In “Seedling,” a poem whose title represents the speaker’s vulnerable beginning, she contrasts her mother as a parent and herself as a parent. Evans portrays her mother riding a train to work, singing She Loves You, by The Beatles. The poem states only the title, but I looked up the lyrics: “You hurt her so…She almost lost her mind…she knows you’re not the hurting kind.” These words foreshadow Mother’s future, in which she denies that her husband rapes her daughters and she herself denies Evans her true feelings. On the train, Mother is clad in fashionable rolled up jeans and a sheer pink scarf, while Evans considers.

While I grew,
I wondered if she’d any thought of me. 

A commentary on the chasm between them, and a contrast to her reflection on her own pregnancies: 

I grew my first 
son behind a wall of muscle 

Physically true, as she competed on the world circuit of Sport Aerobics, and metaphorically true, as she had grown emotionally muscular — or callused, by her past and continuing trauma. In the penultimate stanza of “Seedling,” Evans writes of another son who remembers growing in her belly. 

He repeats 
this story when he is three or five while curled 
into my ribs on his top bunk, the moon
grinning through the panes as if hearing my boy’s 
chatter of those dark-warm-baths-without-toys-
but-better-than-bubbles-and-a-blanket place.

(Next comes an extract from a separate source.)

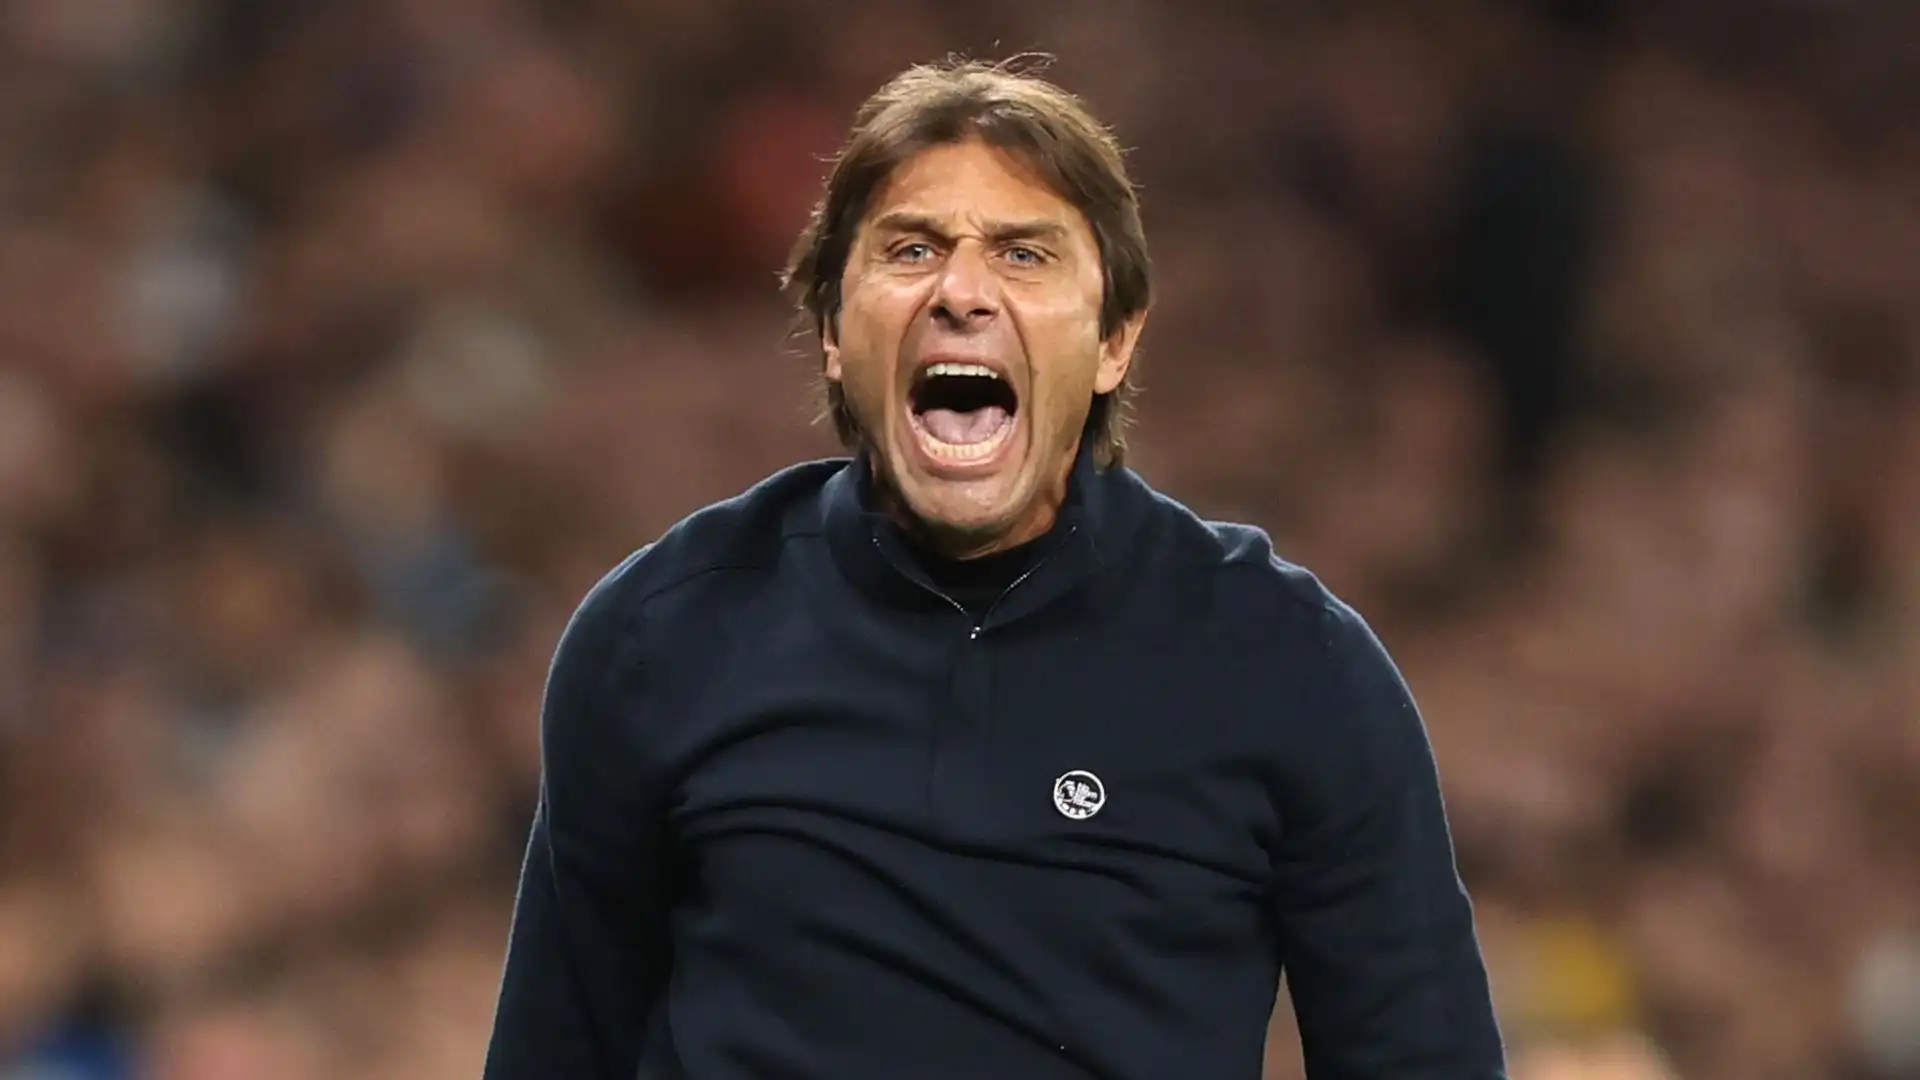 L'ex tecnico di Juve, Chelsea, Tottenham e Inter sarebbe stato contattato negli ultimi mesi, riporta il quotidiano La Repubblica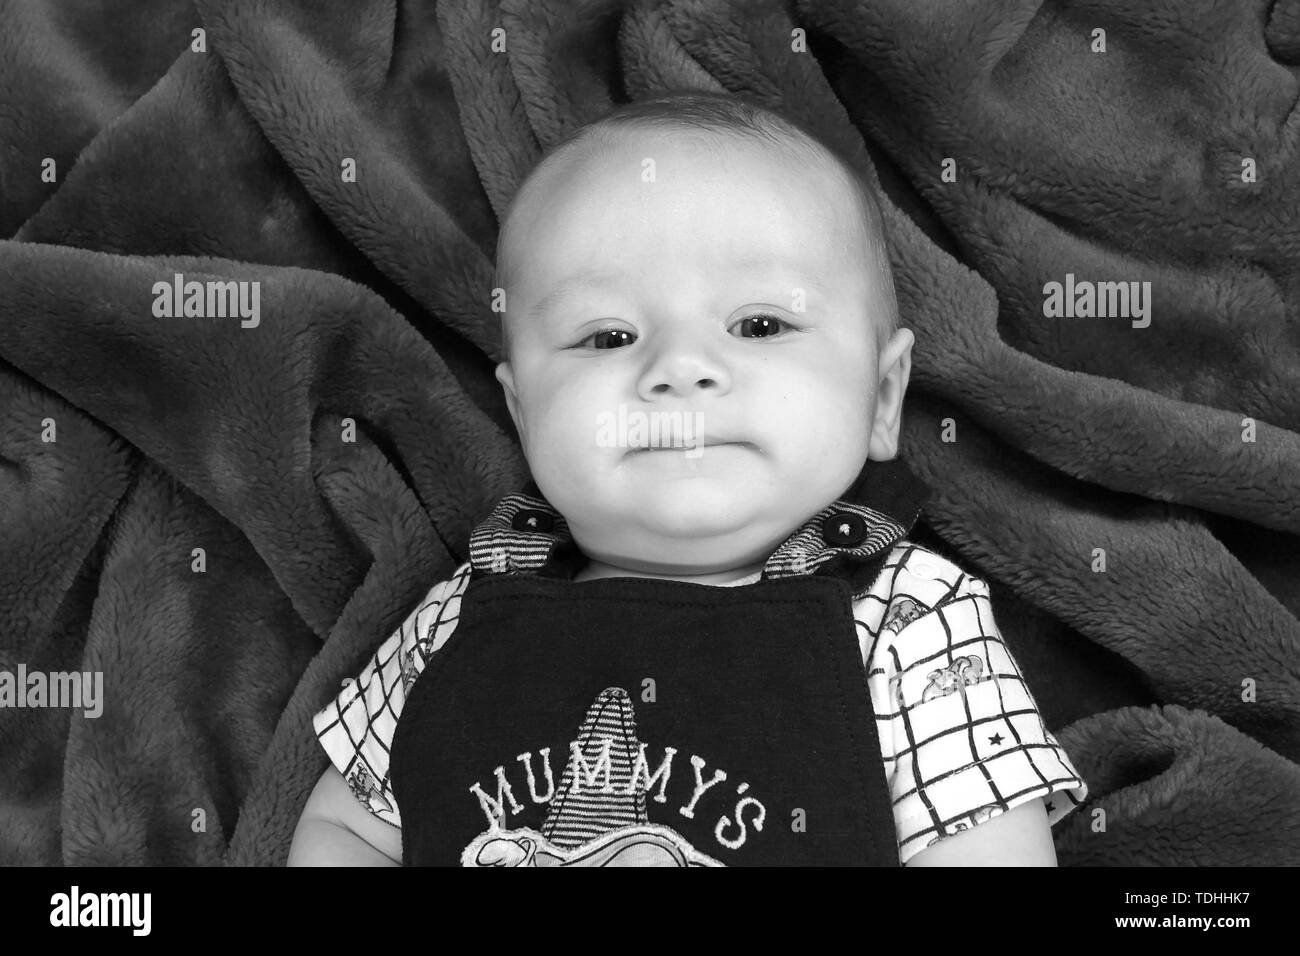 3 mes de edad Baby Boy relajante Foto de stock

The setting personifies Evans as a mother: she sacrifices for her son by climbing to the top bunk. The moon grins through the panes (homophone of pains, something inescapable in any childhood), but pains Evans soothes by listening to her son when he describes being in her womb, something a different mother might have dismissed as an impossibility.    

Evans gives us comedic relief, at least her titles, “Lost in the Dryer Vent,” “The Non-Standard Parenting Plan for Turning Boys into Men,” and “Batman Doesn’t Pack a Piece,” in which her son asks her to come and play. She’s torn between what she is already doing — writing — and keeping her promise to play. The poem ends:

I’m a writer.
A mother.
I’m a princess.
I gather star-points.
I leap strawberries.
I run to the finish line.

Evans portrays child rape and its fallout in Tangled by Blood in gorgeous, poetic language. I read it closely for the purpose of writing this review, and each time I found myself distracted from the content by certain matters of form: the occasional mystifying dash in the middle of a word; too many italics; the number of different placements of poems on the page — some poems and their lines centered, some hugging the right margin, others hugging the left.

Yet nothing can ruin this masterful memoir in verse, a story of resilience and courage. Evans ends with this: she wishes for her story to add the other works about victims of similar crimes, many of whom can’t speak for themselves. She issues a call to action: “Keep the conversation going.”

Rebecca Evans is a memoirist, poet, and essayist. She teaches Creative Nonfiction, empowerment workshops, and mentors high school teens in the juvenile system. She co-hosts a radio program, Writer to Writer. She’s also disabled, a Veteran, a gardener, a mother, a worrier, and more. Evans earned two MFAs, one in creative nonfiction, the other in poetry, University of Nevada, Reno at Lake Tahoe. She lives in Idaho with her sons, her Newfoundlands, and her Calico. Her poems and essays have appeared in Narratively, The Rumpus, Entropy Literary Magazine, War, Literature & the Arts, The Limberlost Review, and a handful of anthologies. She’s co-edited the anthology, WHEN THERE ARE NINE, a tribute to the life and achievements of Ruth Bader Ginsburg (Moon Tide Press. 2022). Her full-length poetry collection, a memoir-in-verse, TANGLED BY BLOOD, (Moon Tide Press, 2023) is available wherever fine books are sold.

Krista Lukas has prose published in Jewish Women’s Literary Annual, The Sun, and Los Angeles Review of Books. She is the author of a poetry collection, FANS OF MY UNCONSCIOUS, poems from which have been published in The Best American Poetry 2006 and The Writer’s Almanac.